Скоро дикие брега великого Иртыша огласились песнопением. Наверное, окрестности этих мест никогда не слышали такого песенного разноцветья. Одной из первых прозвучала, как и надо, песня в память атамана Ермака, покорившего Иртыш, тут же вспомнили про старый и мудрый Байкал, дочь которого, Ангара, тайно сбежала к молодому красавцу Енисею, не забыли волжскую «Дубинушку». Разогревшись, рыже-медный грузин затянул «Сулико», никто ему не подпевал, все слушали зачаровано.
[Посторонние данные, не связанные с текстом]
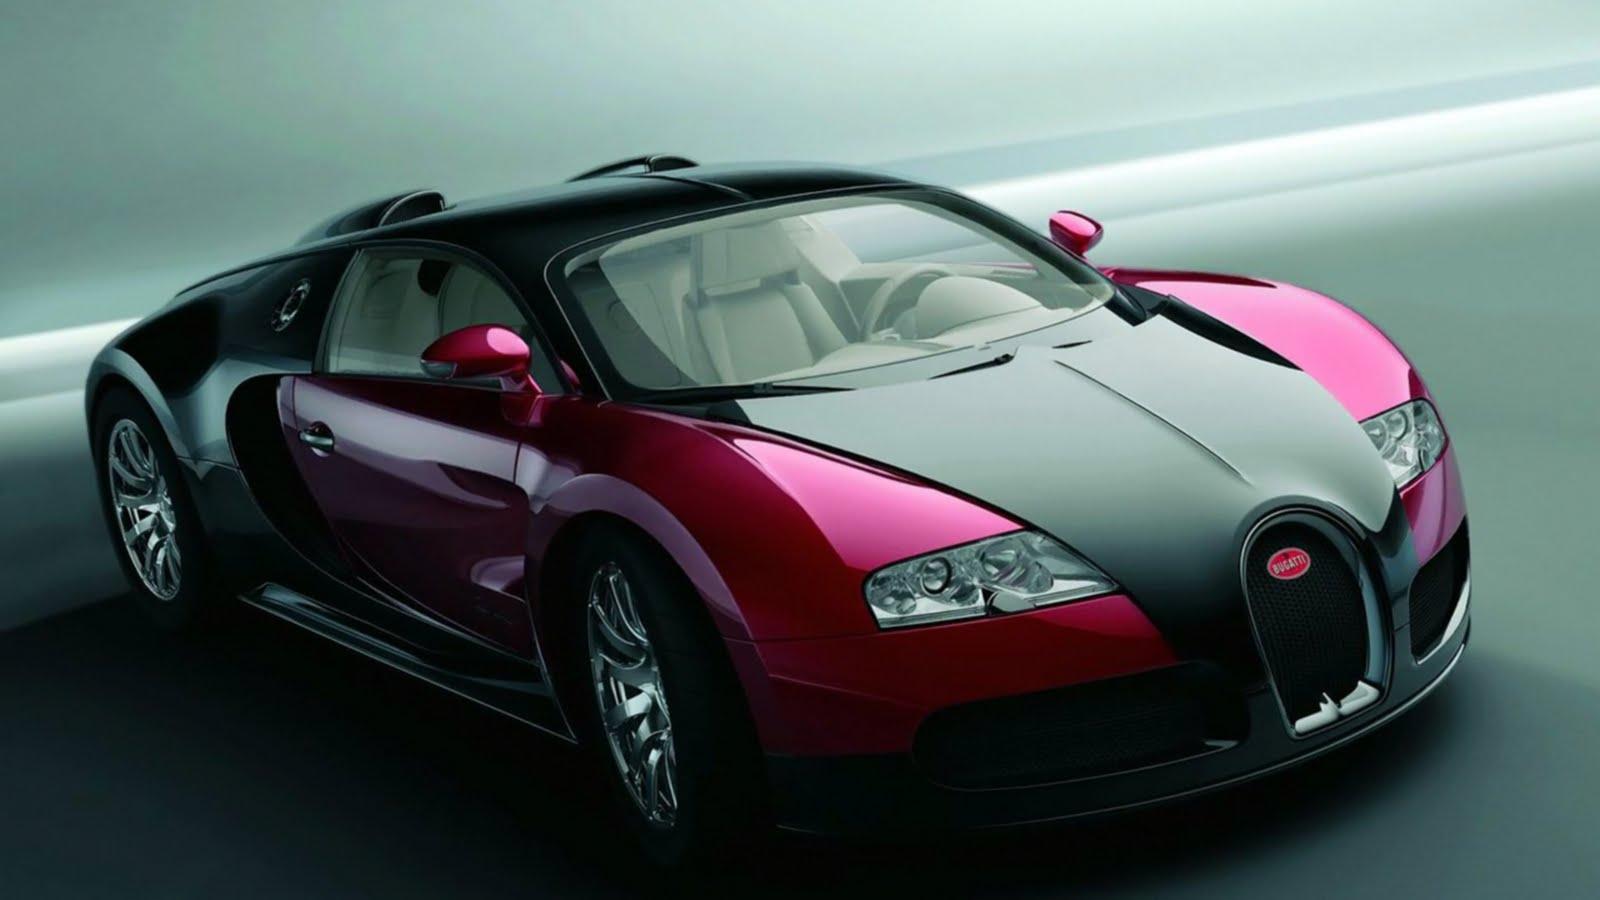 Sports Car, Racing Car, Luxury

Наш уже в доску поляк растеряно крутил головой, отыскивая кого-то, кто бы ему рассказал, о чём эта песня. Я, как мог, собирая в кучу русские, украинские, польские слова, переводил это душещипательное произведение на польский язык, стремясь силой голоса и отчаянной жестикуляцией достичь понимания поляком смысла слов и песни в целом.
В ответ поляк, звали его Николаем, лет ему было, как и мне, тридцать, пропел нам на польском языке. Мы, нахмурив брови, ушли полностью в слух. Что-то знакомое до боли и родное слышалось нам на польском, а когда замполит поддержал на русском, мы поняли, что «Катюшу» знают в Польше не хуже нашего.
При свете луны кто-то вспомнил героическую, времён гражданской, но дойдя до слов «Помнят польские паны, помнят псы атаманы конармейские наши клинки», осёкся, поняв опрометчивость такого выпада, крепко обнял поляка и с надрывом в голосе прокричал: «Как людям нужен мир! Русский с поляком — братья навек!» Только напрасно он старался: поляк не понимал ни первых слов, ни вторых.
В понедельник за нами зашёл самолёт, и мы распрощались с гостеприимными хозяевами.
— Я всё понимаю, — потеряно сообщил мне сине-зелёный Николай в самолёте, — не понимаю только, зачем так?
В Семипалатинске стояли наши отдельные вертолётные отряд и эскадрилья. В отряде были ещё допотопные Ми-1. Довелось и мне на нём полетать. Я прилетел туда разбираться с «блуждающей» неисправностью — то есть она, то нет её. Проявлялась в полёте. Долго мы с командиром «гоняли» на земле двигатель, и всё без толку. Решили проверить в воздухе. На пятой минуте двигатель зачихал, задёргался, мне удалось «поймать» причину неисправности.